This is a coursework I did in R as part of the ST3189 coursework. It invovles three datasets, European Working Conditions Survey 2016, Bank Marketing Dataset and Student Performance Dataset. In this repo, there are data descriptions files, write-up and the R code.
The prompt are as follows: In the first part you will be given data collected from various individuals on several variables. The goal will be to use unsupervised learning techniques such as Principal Component Analysis or Cluster Analysis to summarise the information in the data by appropriate tables and/or plots. In the second part you will be presented with a regression problem. The aim would be to compare various models and techniques for their estimation to allow meaningful interpretation and competitive predictive performance. The latter should be assessed by appropriate experiments based on training and test datasets. In addition to linear regression, Tree based methods, Non-linear models or other suitable techniques can be used if you think they can provide improvement.
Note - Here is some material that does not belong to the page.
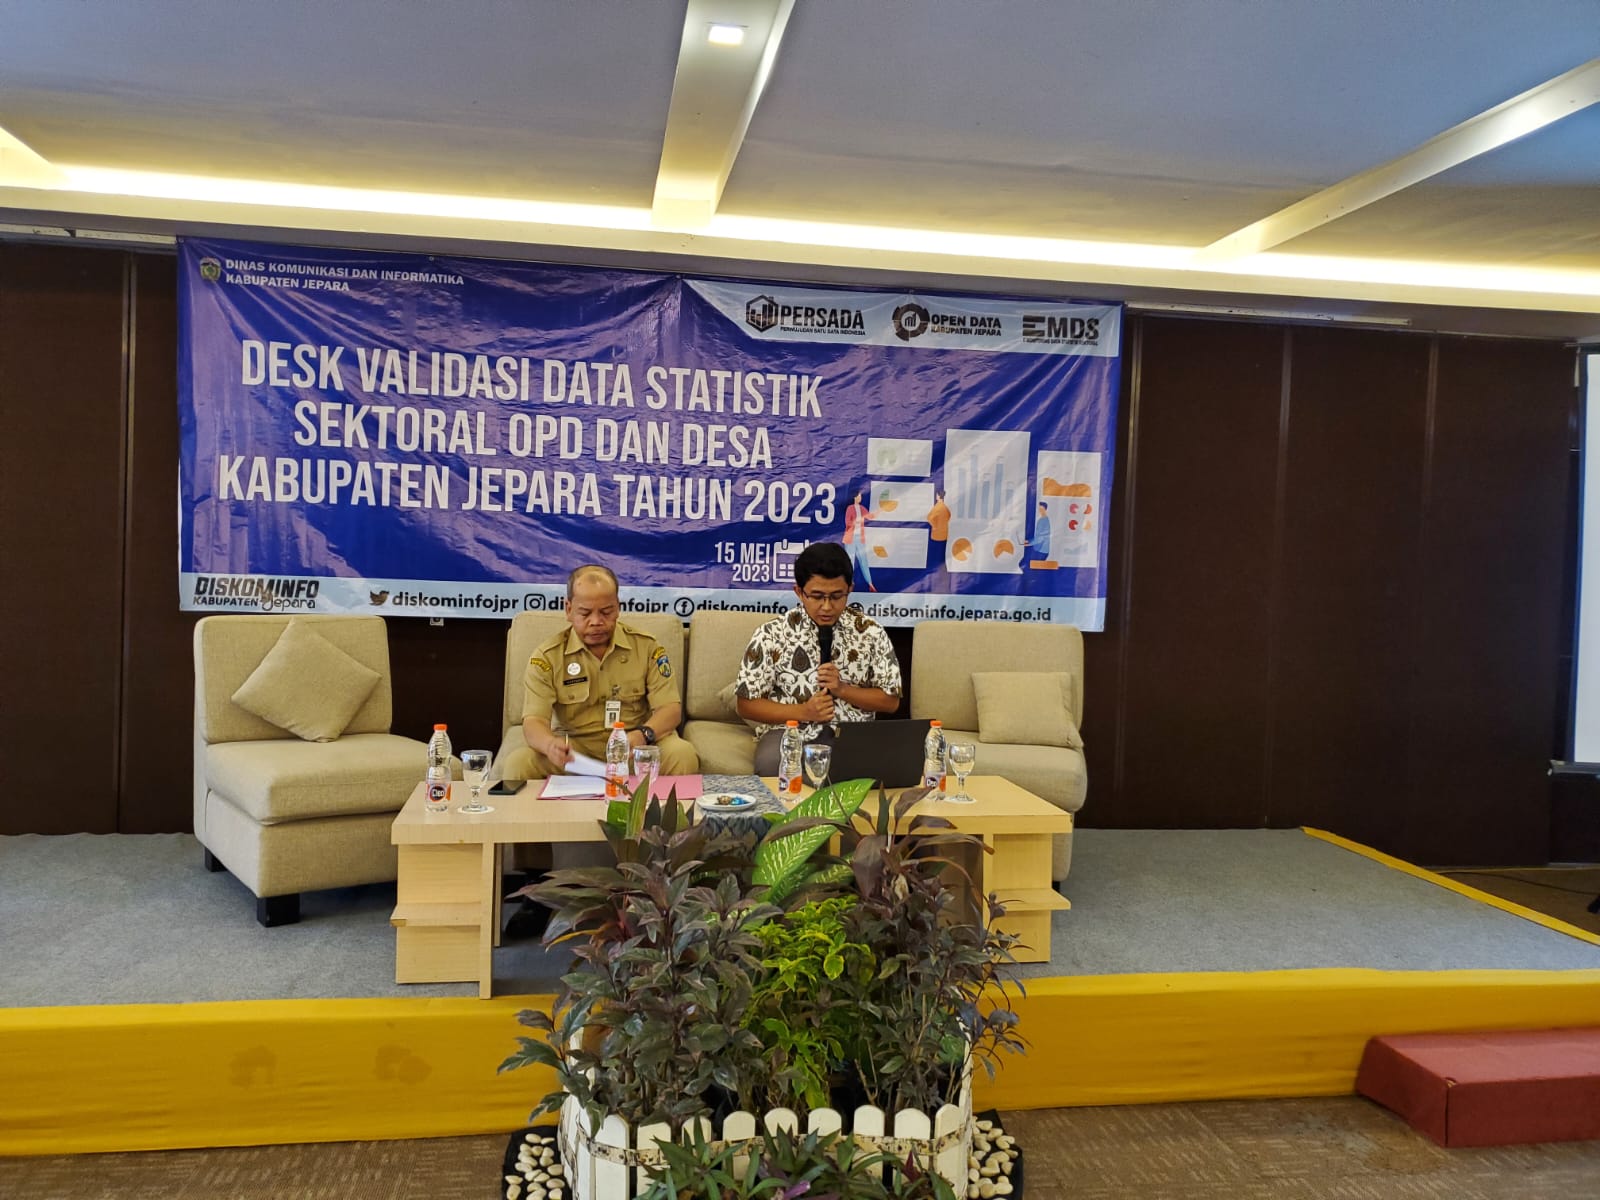 Kalaborasi Departemen Statistika Undip dan Dinas Komunikasi dan Informatika Kabupaten Jepara Memadukan Keahlian Validasi Data Data Sektoral 2023

Finally, in the third part you will be given a classification problem. The analysis will contain similar steps with the 2nd part but you should be able to interpret the output from different models and compare their predictive performance taking into account that the response variable will be binary. In addition to appropriate regression or discriminant analysis, Tree-based methods, Non-linear models or other suitable techniques can be used if you think they will perform better.
Tools involved: Principal Component Analysis, Multiple linear regression, Logistic Regression, Linear Discriminant Analysis, Quadratic Discriminant Analysis, K-Nearest Neighbours classifier and Classification Tree.